DFS Elang Project PT AMNT Dinilai tidak Transparan, ITK: Pemda Sumbawa Jangan Pasif

Sumbawa — Reportase7.com

Proses finalisasi Definitive Feasibility Study (DFS) untuk Elang Project yang dilakukan PT Amman Mineral Nusa Tenggara (AMNT) dinilai tidak transparan. Sejumlah pihak menilai, terutama masyarakat di sekitar wilayah tambang, tidak mendapat akses memadai untuk mengetahui rencana teknis dan dampak dari proyek ini. 

Abdul Haji, S. AP, Presidium Institut Transparansi Kebijakan (ITK) Kabupaten Sumbawa, mengatakan DFS adalah dokumen penting yang tidak hanya memuat data teknis, tetapi juga proyeksi dampak sosial dan lingkungan. 

“DFS adalah fondasi kebijakan operasional tambang. Menutup akses publik berarti mengabaikan prinsip keterbukaan dan partisipasi yang dijamin dalam regulasi,” ujar Abdul Haji di Sumbawa, Selasa 12 Agustus 2025.

Dalam Laporan Keberlanjutan 2024, AMNT memaparkan komitmen terhadap prinsip pertambangan berkelanjutan, pengelolaan lingkungan, dan pelibatan pemangku kepentingan. Laporan tersebut mencatat berbagai program pemberdayaan masyarakat, investasi sosial, serta upaya mengurangi jejak lingkungan. 

Namun, menurut Abdul Haji, klaim tersebut sulit diverifikasi tanpa keterbukaan DFS. 

“Publik berhak memastikan apakah teknologi yang digunakan sesuai janji, apakah rencana reklamasi realistis, dan bagaimana pembagian manfaatnya. Semua ini ada dalam DFS, bukan sekadar ringkasan di laporan,” terangnya. 

Pemerintah Daerah Dinilai Pasif 

ITK juga menyoroti sikap Pemerintah Daerah Sumbawa yang dinilai pasif dalam mengawal keterbukaan informasi terkait proyek strategis ini. Abdul Haji menilai pemda memiliki peran penting sebagai jembatan antara kepentingan masyarakat dan perusahaan, namun belum terlihat adanya inisiatif nyata untuk memastikan DFS dapat diakses publik. 

“Pemda seharusnya menjadi pengawal kepentingan publik, bukan hanya penerima laporan dari perusahaan.
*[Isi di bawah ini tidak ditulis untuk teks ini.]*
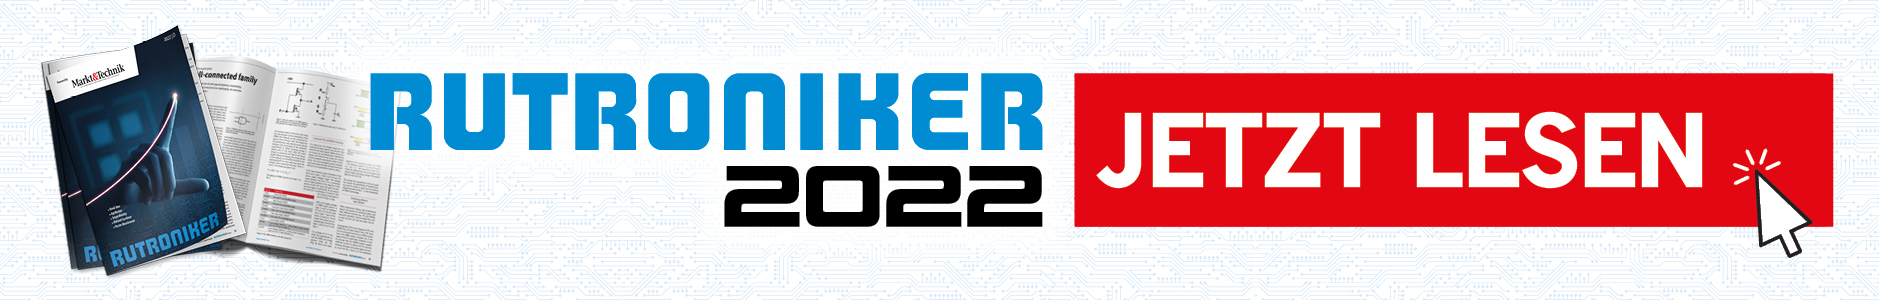 RUTRONIKER 2022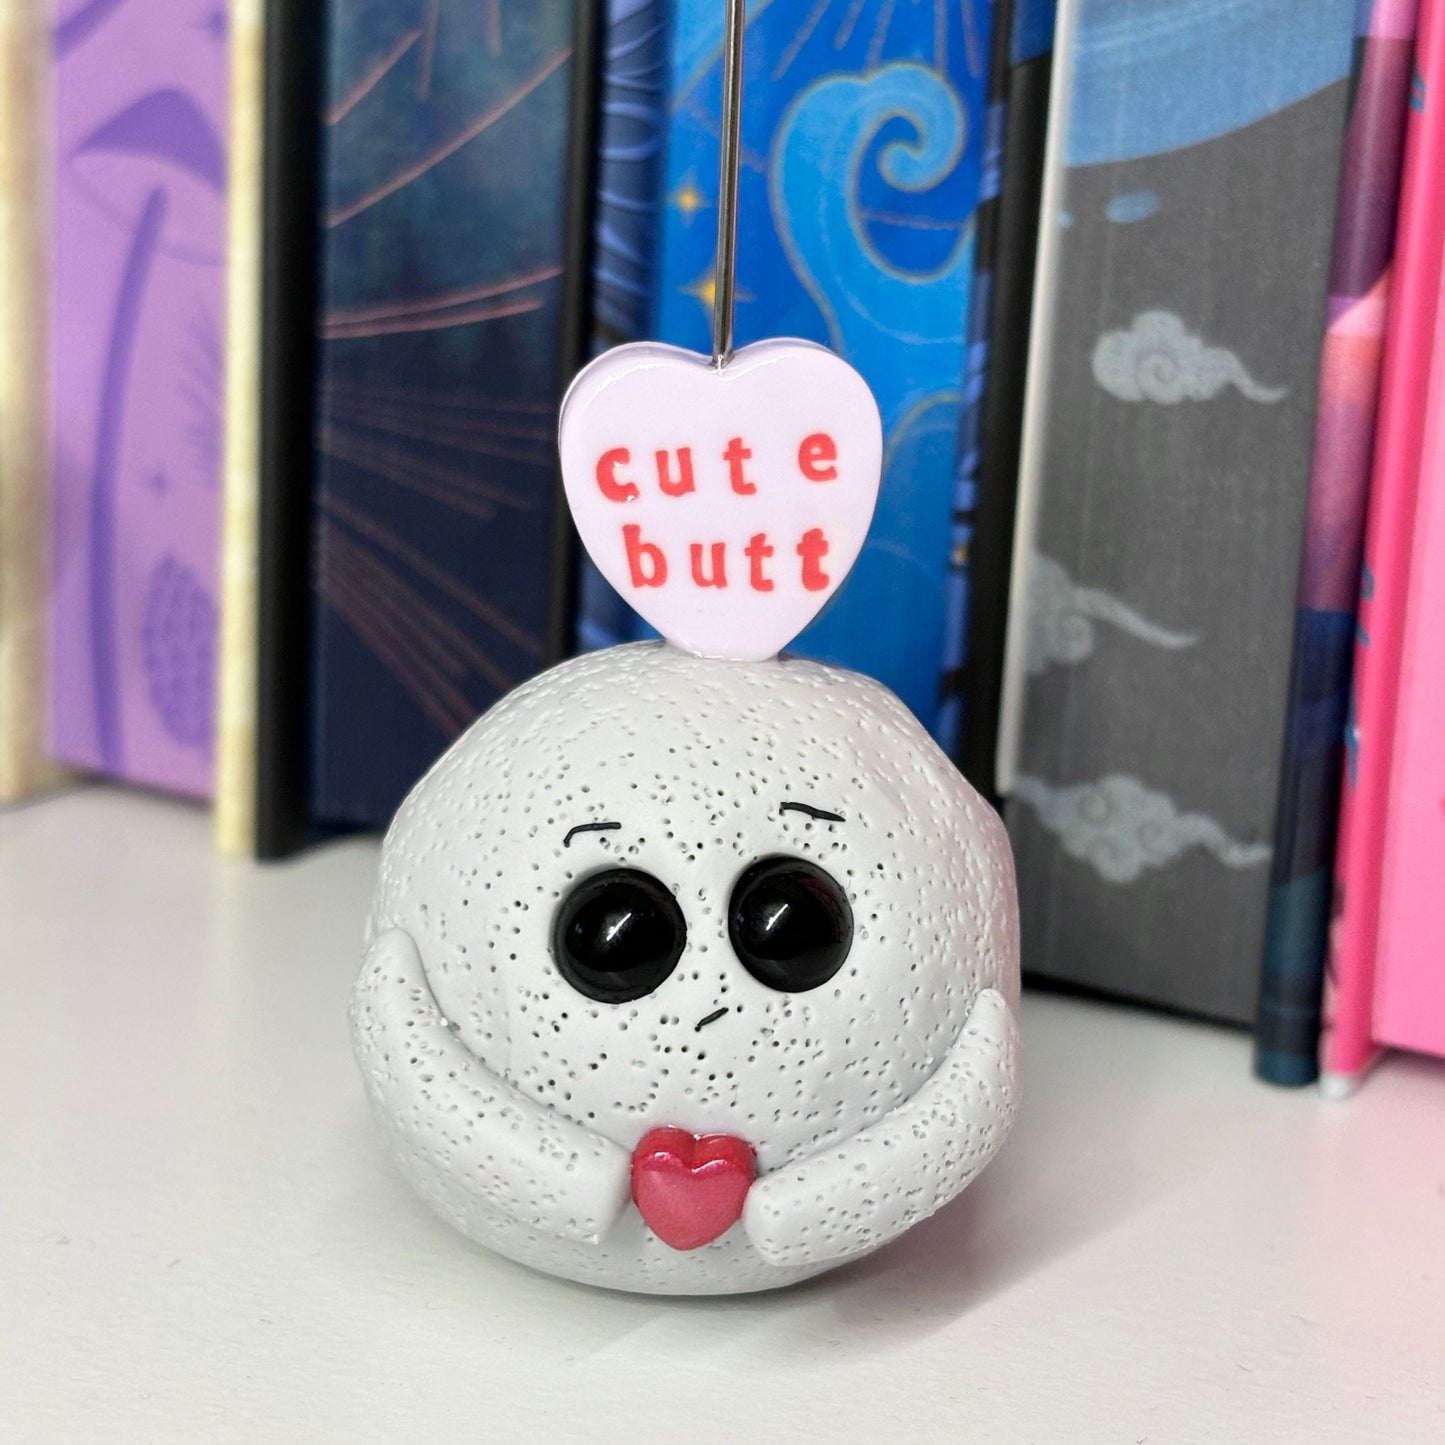 'Cute Butt' Love Heart Moonling Photo Holders

Tanpa inisiatif memfasilitasi konsultasi dan memastikan informasi terbuka, pemda ikut membiarkan ruang partisipasi publik menyempit,” ujarnya. 

Menurutnya, ketidakaktifan pemda berpotensi melemahkan posisi tawar masyarakat lokal, terutama masyarakat adat, dalam memastikan manfaat proyek sebanding dengan risiko yang ditanggung. 

ITK menilai keterbukaan DFS akan memperkuat akuntabilitas, mencegah konflik, dan memastikan kebijakan yang diambil mempertimbangkan kepentingan semua pihak, termasuk masyarakat adat dan lingkungan. 

Standar internasional seperti IFC Performance Standards dan UN Declaration on the Rights of Indigenous Peoples (UNDRIP) menekankan pentingnya konsultasi bermakna dan persetujuan bebas yang didahului informasi memadai. 

“Bukan hanya investor yang perlu tahu, tapi juga warga yang akan terdampak langsung,” terang Abdul Haji. 

ITK dan sejumlah organisasi masyarakat sipil di Kabupaten Sumbawa meminta AMNT serta pemerintah membuka ringkasan eksekutif DFS sebelum dokumen tersebut difinalisasi. Mereka menilai langkah ini penting untuk menjaga kredibilitas Laporan Keberlanjutan AMNT 2024 agar tidak dianggap sekadar kampanye hijau (greenwashing). 

“Transparansi bukan hambatan investasi. Justru, keterbukaan akan memperkuat kepercayaan publik,” pungkasnya.